Our skeletal muscles contain fibers, nerve endings and blood vessels. Muscle contraction occurs with the help of nerve impulses that come from the spinal cord to muscle tissue, that is, the transmission of the nerve impulse occurs along the path - brain → spinal cord → the muscles we need. Now we understand why spinal cord injury is so dangerous.

A person regulates the intensity of muscle contraction using the strength of the impulse supplied along the nerve endings.

Human skeletal muscles

Smooth muscle

Smooth muscle performs involuntary contractions, consists of spindle cells, being one of the most important components of the muscular hollow organs, as well as an integral part of the blood and lymphatic vessels, helps transport the contents of the hollow organs (transport food to the intestines), constricts the pupil, adjusts blood pressure, and other processes that occur involuntarily.

All smooth muscle contractions do not cause fatigue and are regulated by the autonomic system (autonomic nervous system, which is responsible for the functioning of internal organs).

You can train smooth muscles, for example, by increasing endurance , you improve the functioning of the cardiovascular system.

Smooth muscle

Heart muscle

The heart continuously contracts throughout life, providing movement, pumping blood, nutrients, and other vital substances through the vessels to the tissues of the body. Acting as a pump , the heart operates in a mode of continuous, rhythmic, single contractions.

The structure of myocardial resembles the structure of skeletal muscles, which also contain myofibrils consisting of actin and myosin, including the troponin-tropomyosin protein complex.
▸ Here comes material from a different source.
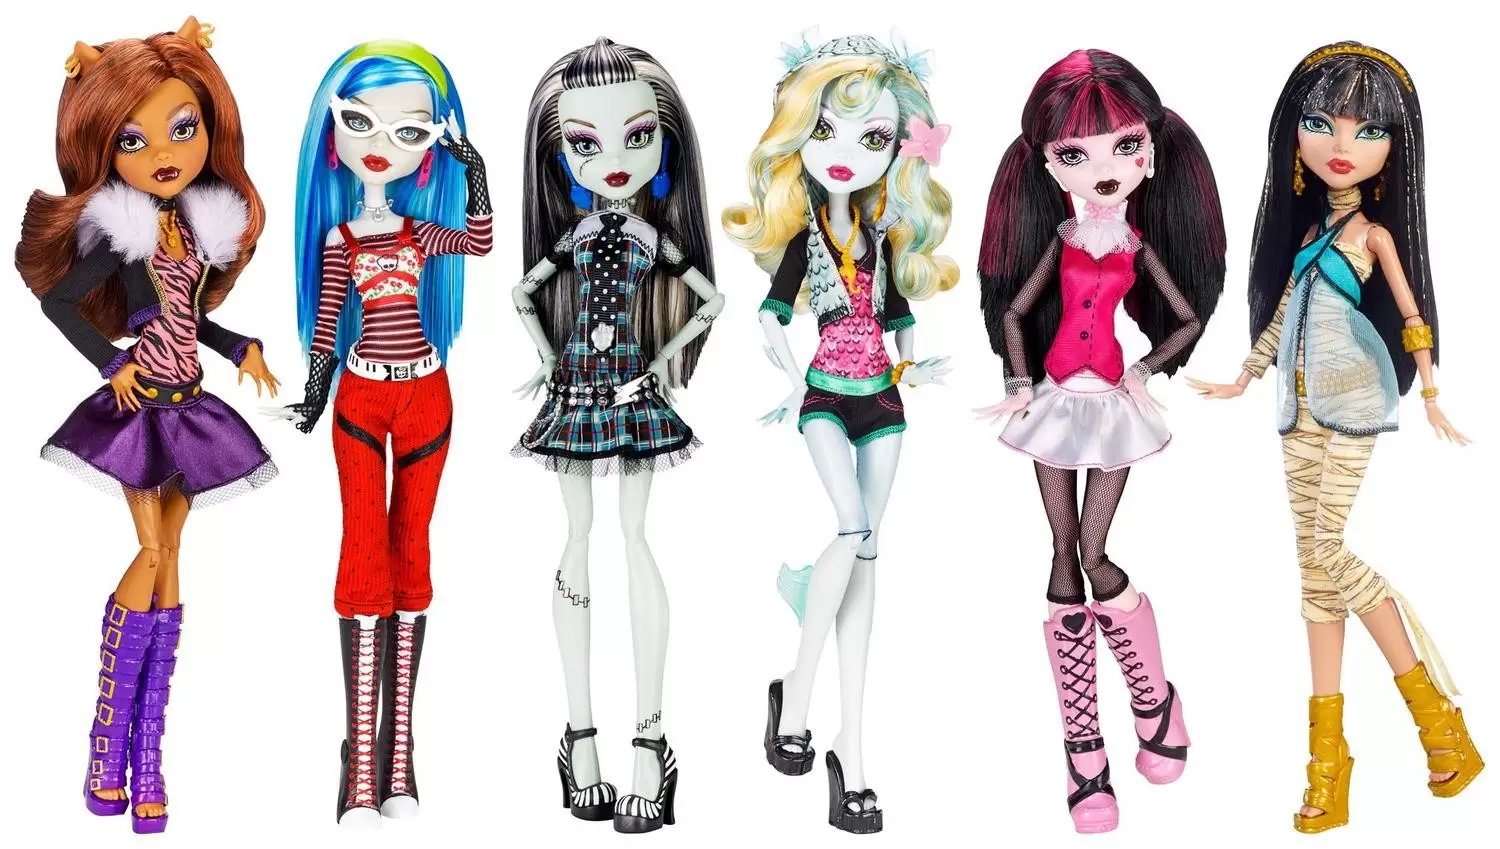 Monster High Doll Viperine Gorgon and Accessories Original Mattel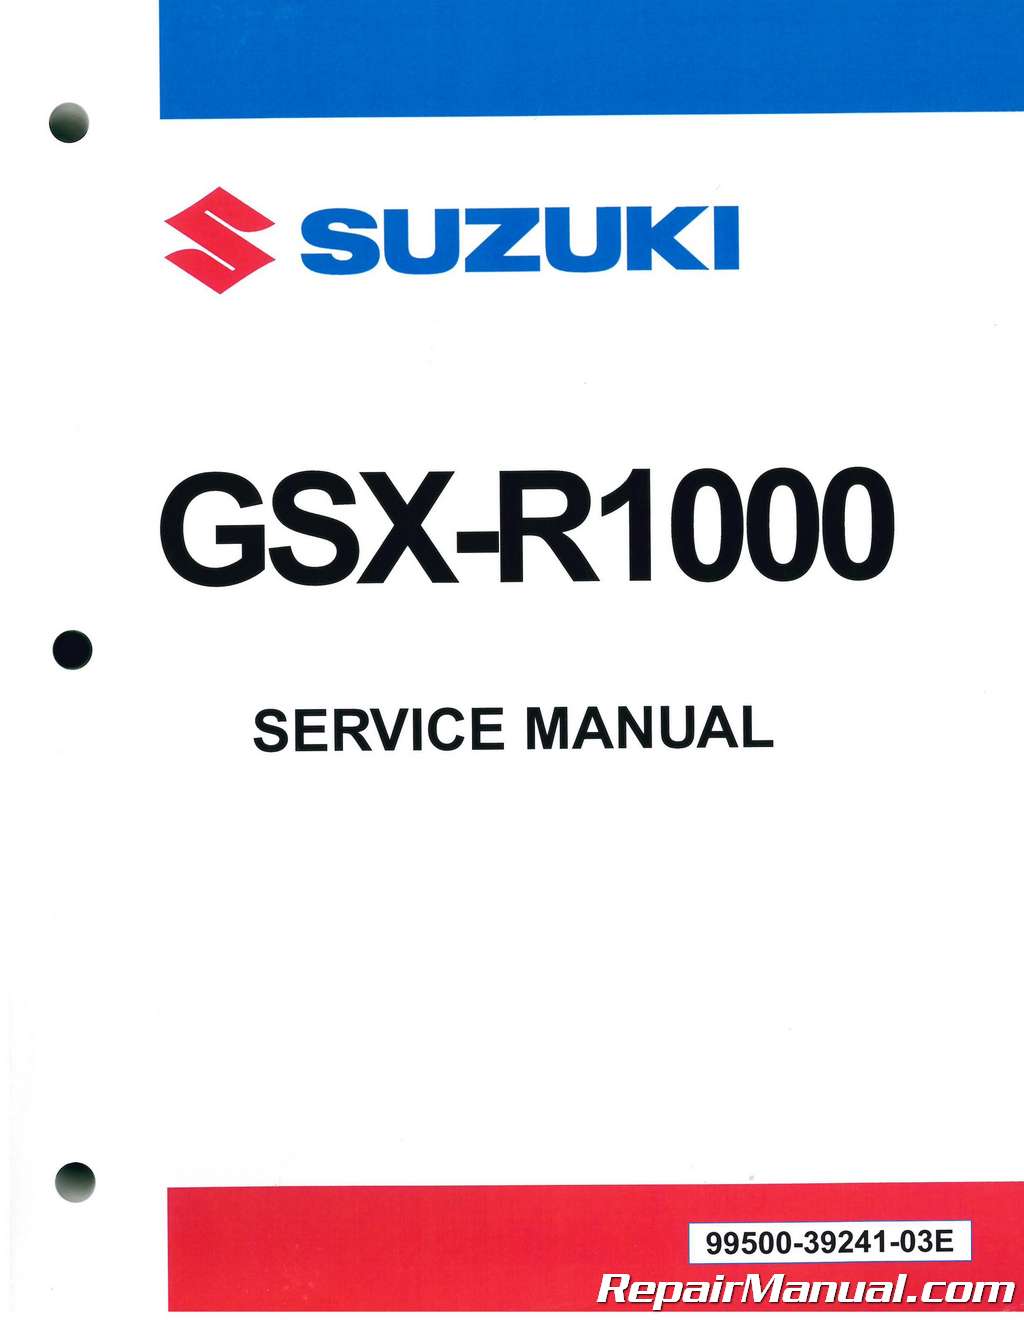 Manual Haynes for 2003 Suzuki GSX-R 1000 K3

Picture of the heart, which shows the structure of the heart where you can see the myocardium

The mechanism of muscle contraction of the heart occurs for the same reasons as in striated muscles, thanks to Ca2+ (calcium) ions that are released from the sarcoplasmic reticulum (membrane organelle of muscle cells), only in this case it is less ordered (compared to skeletal muscles ).

Heart muscle and its structure

Myofibril structure

Studies of muscle fiber today are carried out on the basis of X-ray diffraction analysis, electron microscopy, and also histochemical methods.

It is calculated that each myofibril, whose diameter is 1 μm, contains approximately 2500 protofibrils, that is, elongated polymerized protein molecules (actin and myosin). Actin protofibrils are twice as thin as myosin protofibrils. At rest, these muscles are located in such a way that the actin filaments with their tips penetrate into the spaces between the myosin protofibrils.

The narrow light stripe in disk A is free of actin filaments. And the Z membrane holds them together.

Myosin filaments have transverse projections up to 20 nm long, the heads of which contain about 150 myosin molecules. They extend biopolarly, and each head connects a myosin filament to an actin filament. When there is a force on the actin centers on the myosin filaments, the actin filament moves closer to the center of the sarcomere. At the end, the myosin filaments reach the Z line. Then they occupy the entire sarcomere, and the actin filaments are located between them. In this case, the length of disk I is reduced, and at the end it disappears completely, at the same time the Z line becomes thicker.

Thus, according to the sliding filament theory, the reduction in muscle fiber length is explained. The theory, called the "gear wheel", was developed by Huxley and Hanson in the mid-twentieth century.

Optimum and pessimum frequency

The amplitude of contractions is determined by the frequency of impulses that irritate muscle fibers. In this system of interaction of signals and responses, an optimum and a pessimum of frequency can be distinguished. The first indicates the frequency, which at the moment of action will be superimposed on the phase of increased excitability. In this mode, the mechanism of muscle fiber contraction with a large amplitude can be activated. In turn, the pessimum determines a higher frequency, the impulse of which falls on the refractory phase. Accordingly, in this case the amplitude decreases.

Mechanism of muscle fiber contraction

The main thing in the theory is that it is not the filaments (myosin and actin) that are shortened. Their length remains unchanged even when the muscles are stretched. But bundles of thin threads, slipping, come out between thick threads, the degree of their overlap decreases, and thus contraction occurs.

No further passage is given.